• _Work to be completed_: Omit all pictures, then retype the data exactly as given.

• _Dataset section_:
◆ ◆ ◆ ◆ ◆
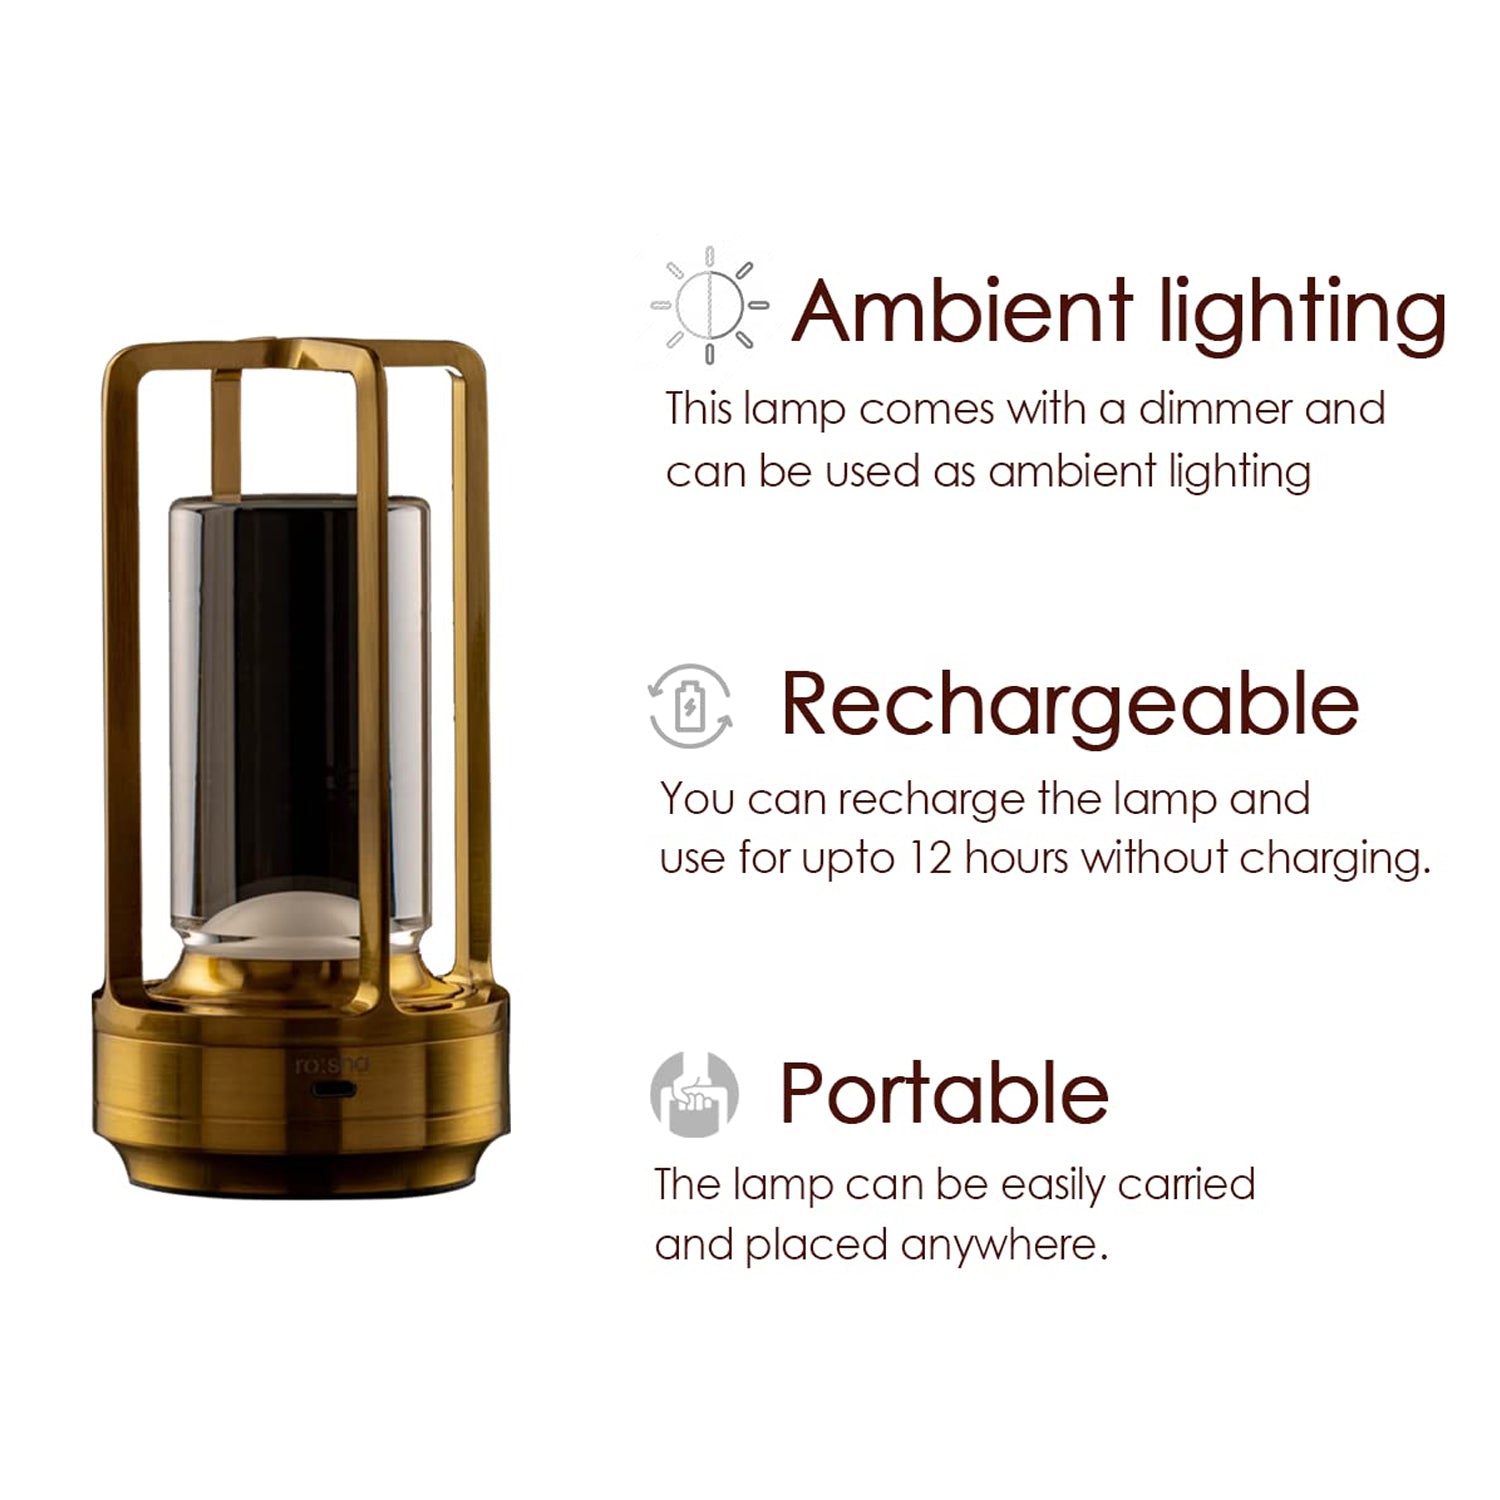 12974 Crystal Lantern Lamp, Crystal Lantern Table Lamp, 3 Colors Rechargeable Cordless Led Lights for Restaurant / Bedroom Lights (1 Pc)
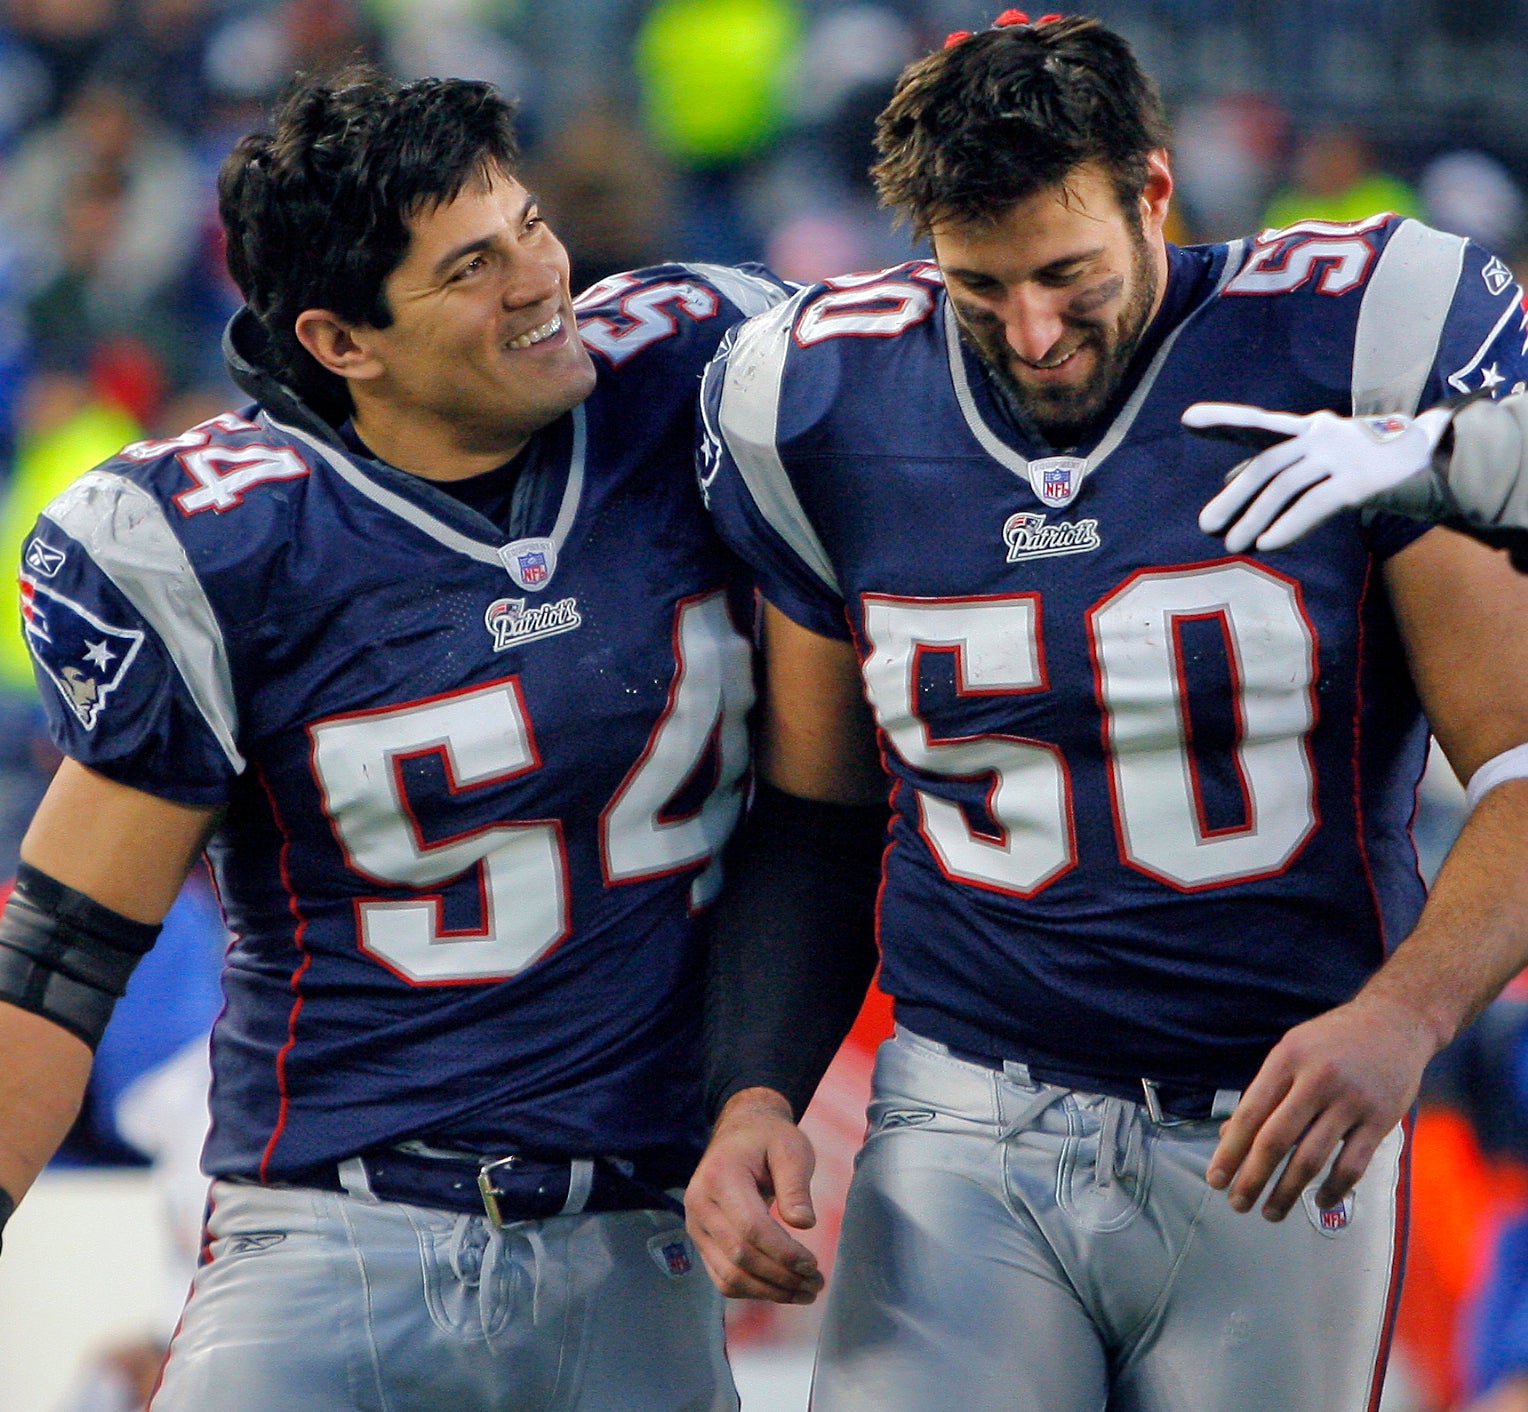 Mike Vrabel voted into Patriots Hall of Fame
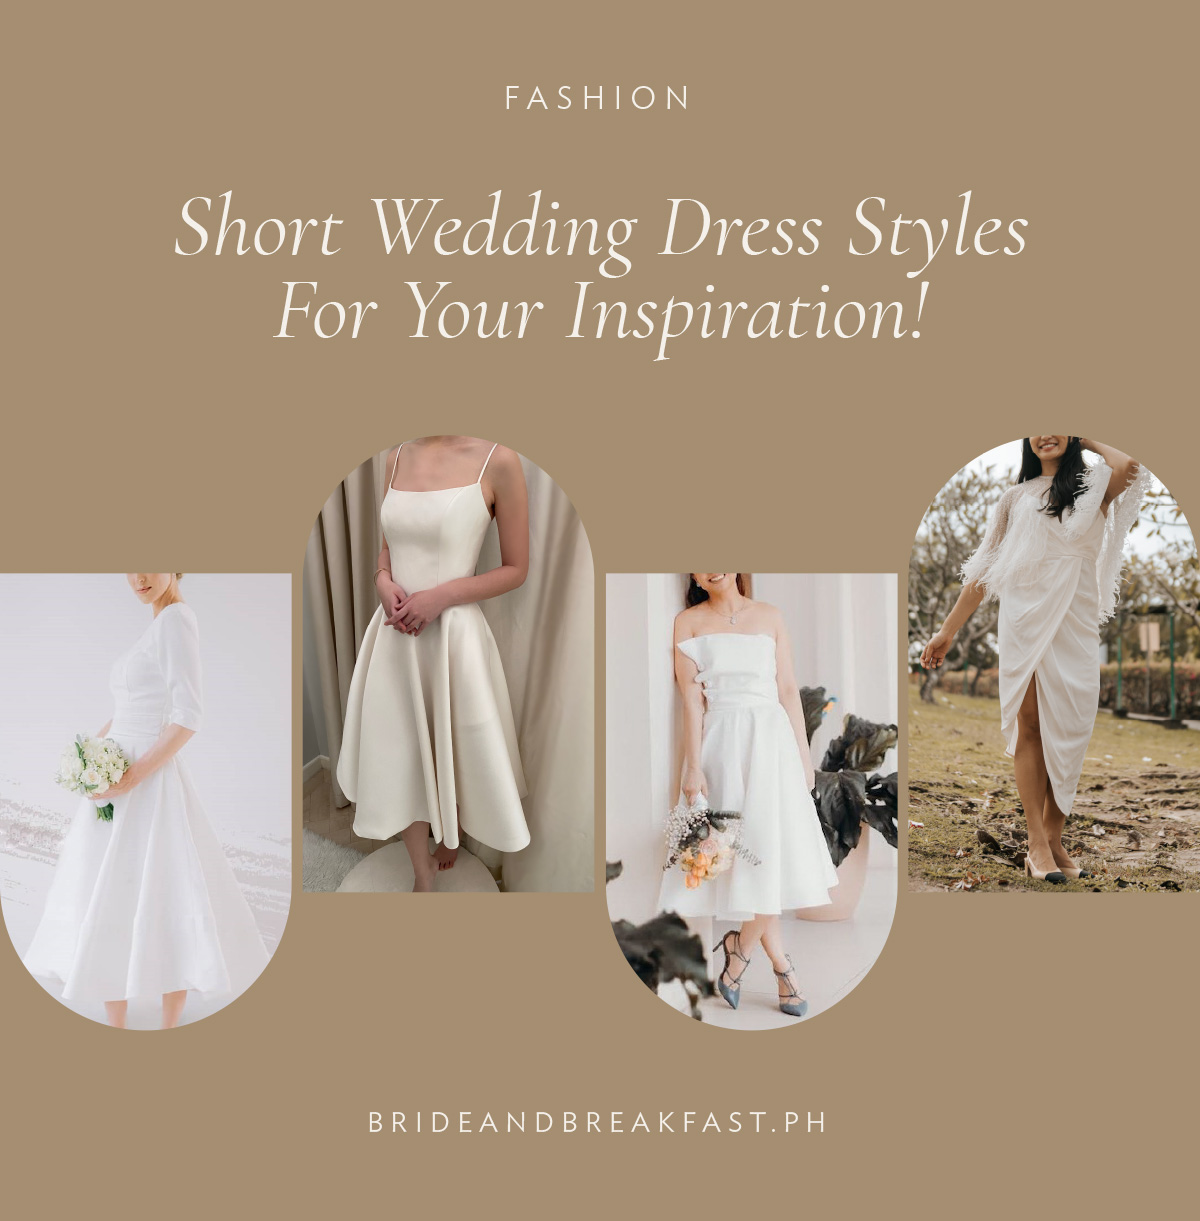 Short Wedding Dress Styles For Your Inspiration!
◆ ◆ ◆ ◆ ◆
• _Reply to the task_:
 12974 Crystal Lantern Lamp, Crystal Lantern Table Lamp, 3 Colors Rechargeable Cordless Led Lights for Restaurant / Bedroom Lights (1 Pc)
 Mike Vrabel voted into Patriots Hall of Fame
 Short Wedding Dress Styles For Your Inspiration!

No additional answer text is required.